• [Given data]:

****

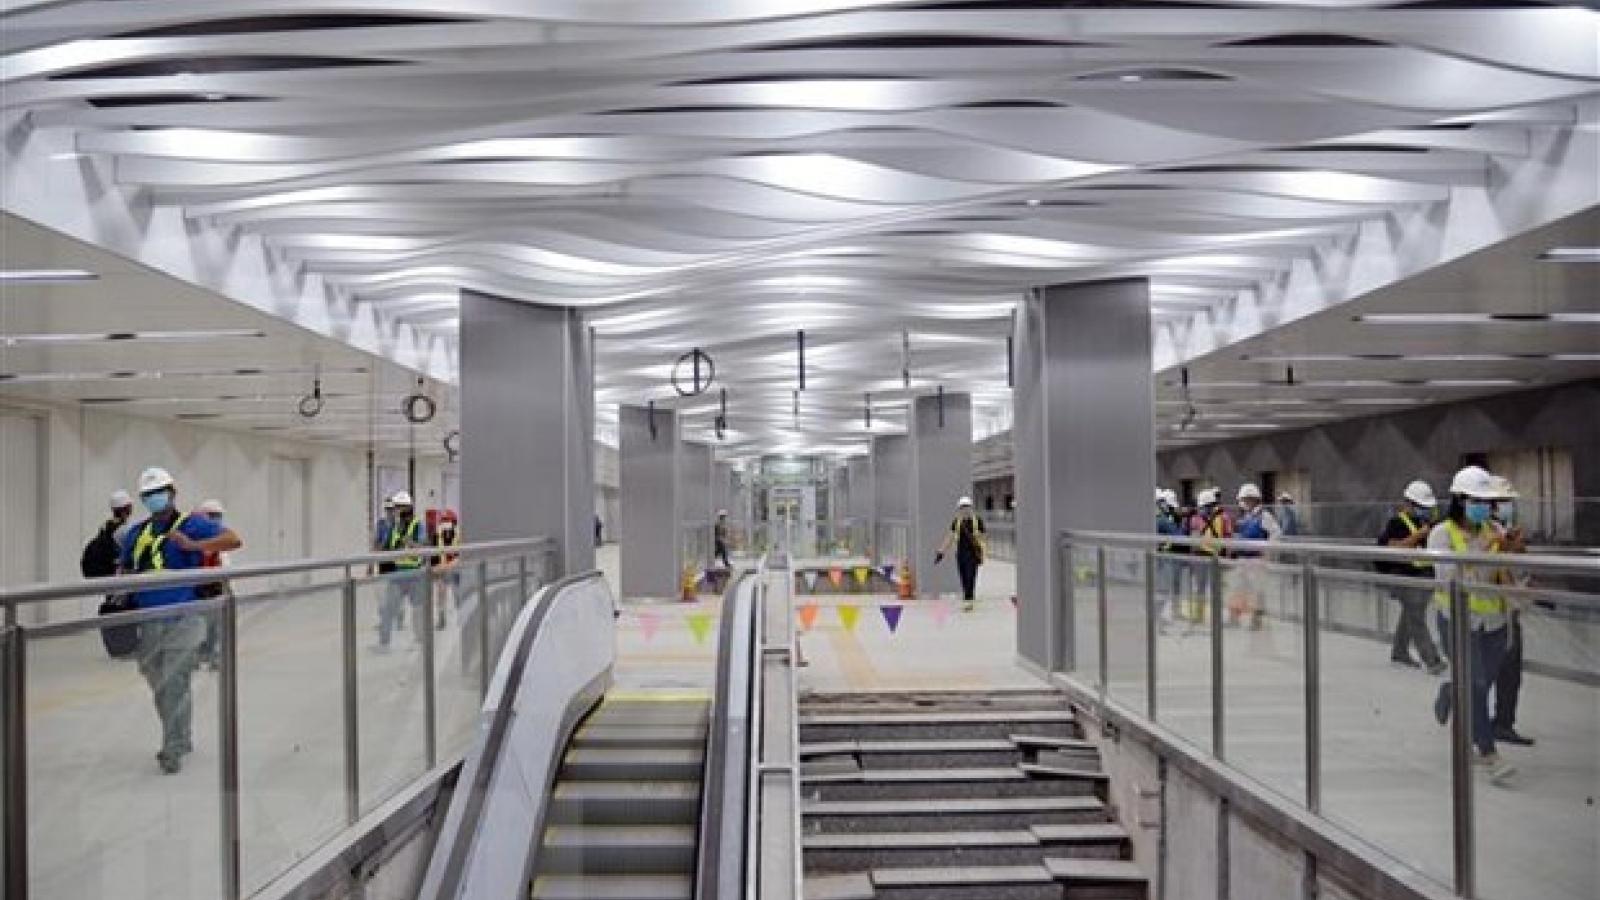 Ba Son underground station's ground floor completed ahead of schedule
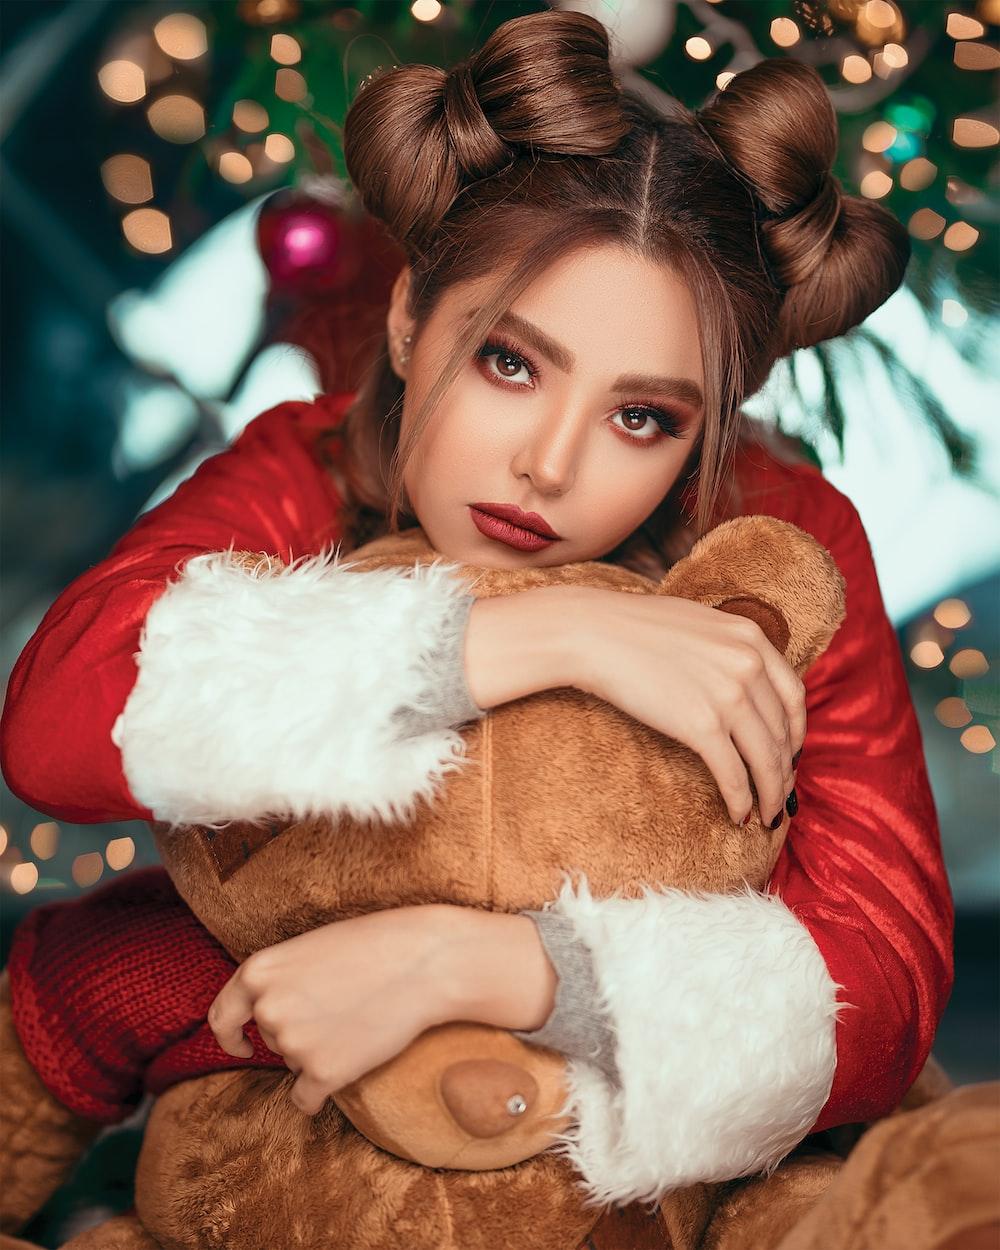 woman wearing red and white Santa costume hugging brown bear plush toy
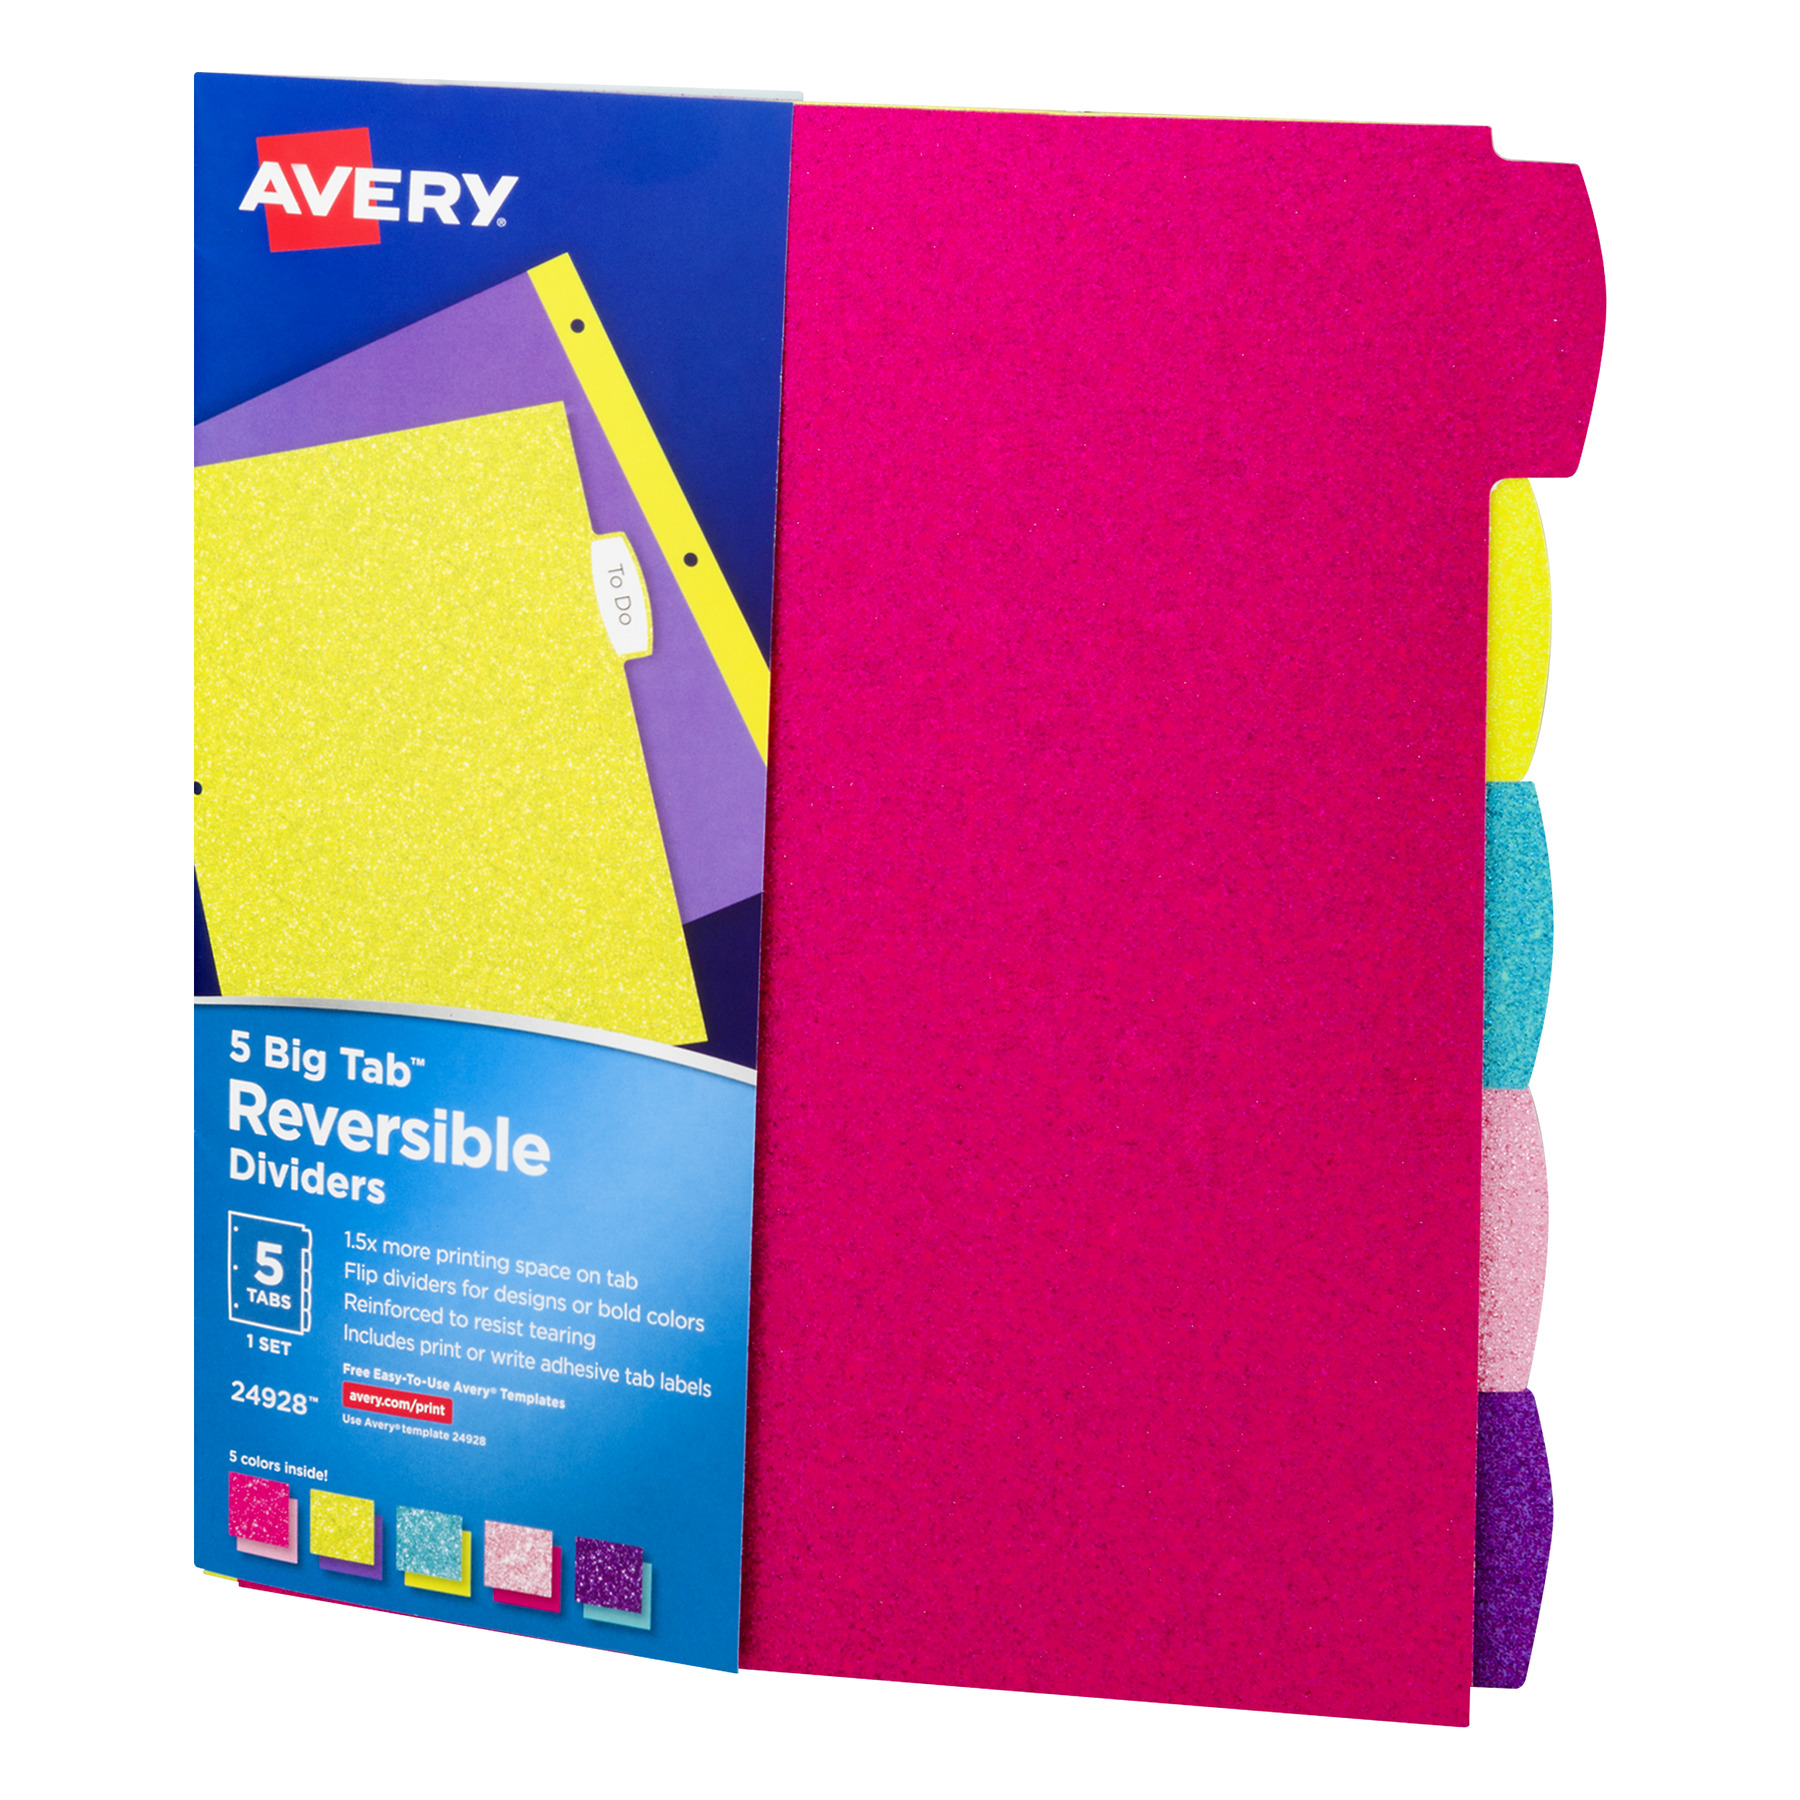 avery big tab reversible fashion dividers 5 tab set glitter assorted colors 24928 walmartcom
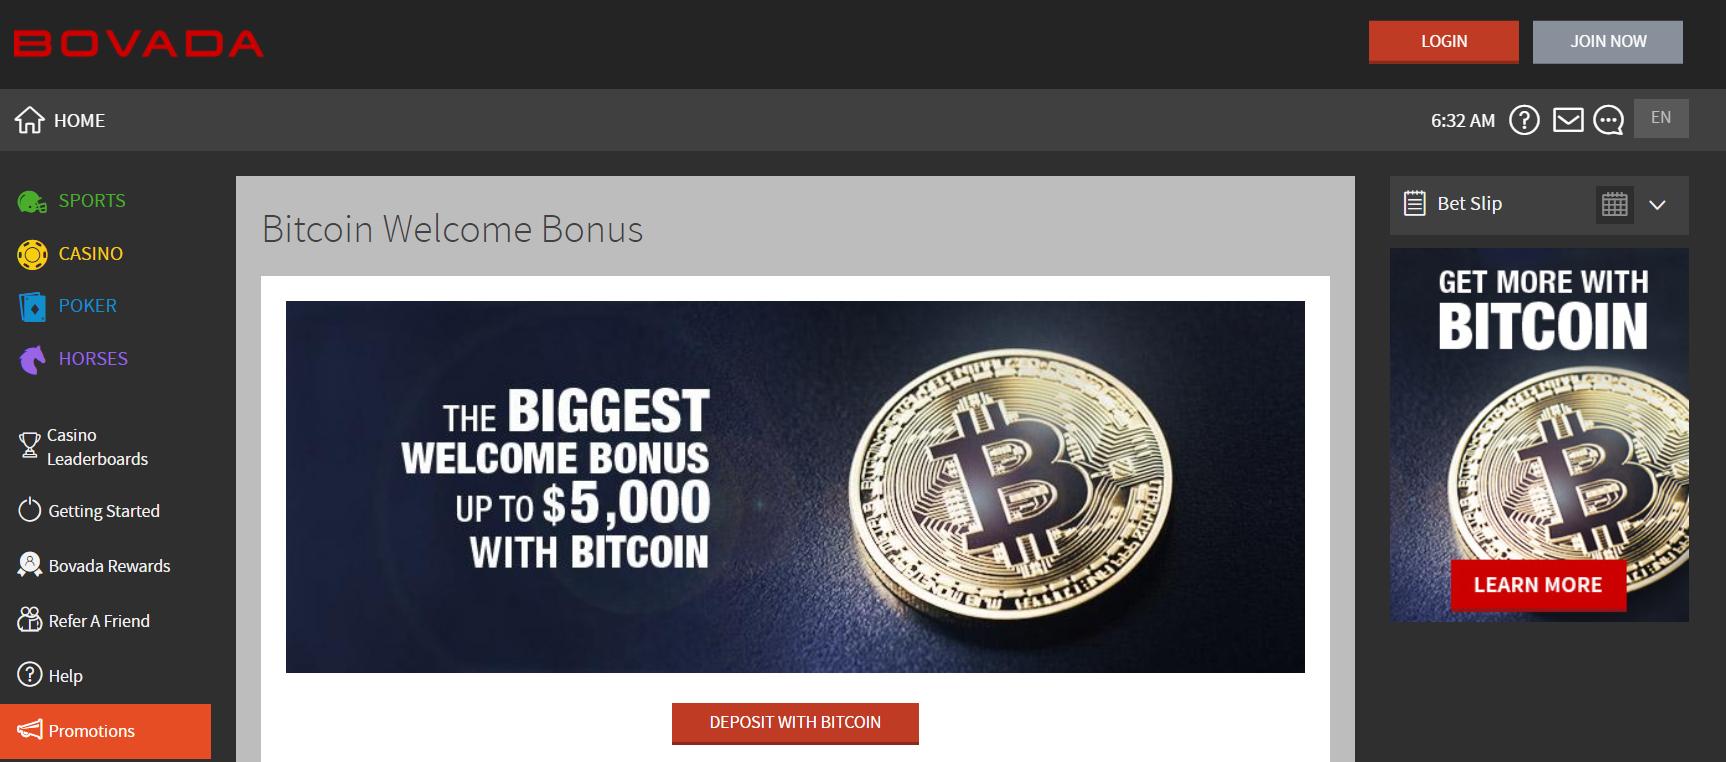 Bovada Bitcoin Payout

****

Everything in the listing except the pictures must be reproduced exactly.

 Ba Son underground station's ground floor completed ahead of schedule
 woman wearing red and white Santa costume hugging brown bear plush toy
 avery big tab reversible fashion dividers 5 tab set glitter assorted colors 24928 walmartcom
 Bovada Bitcoin Payout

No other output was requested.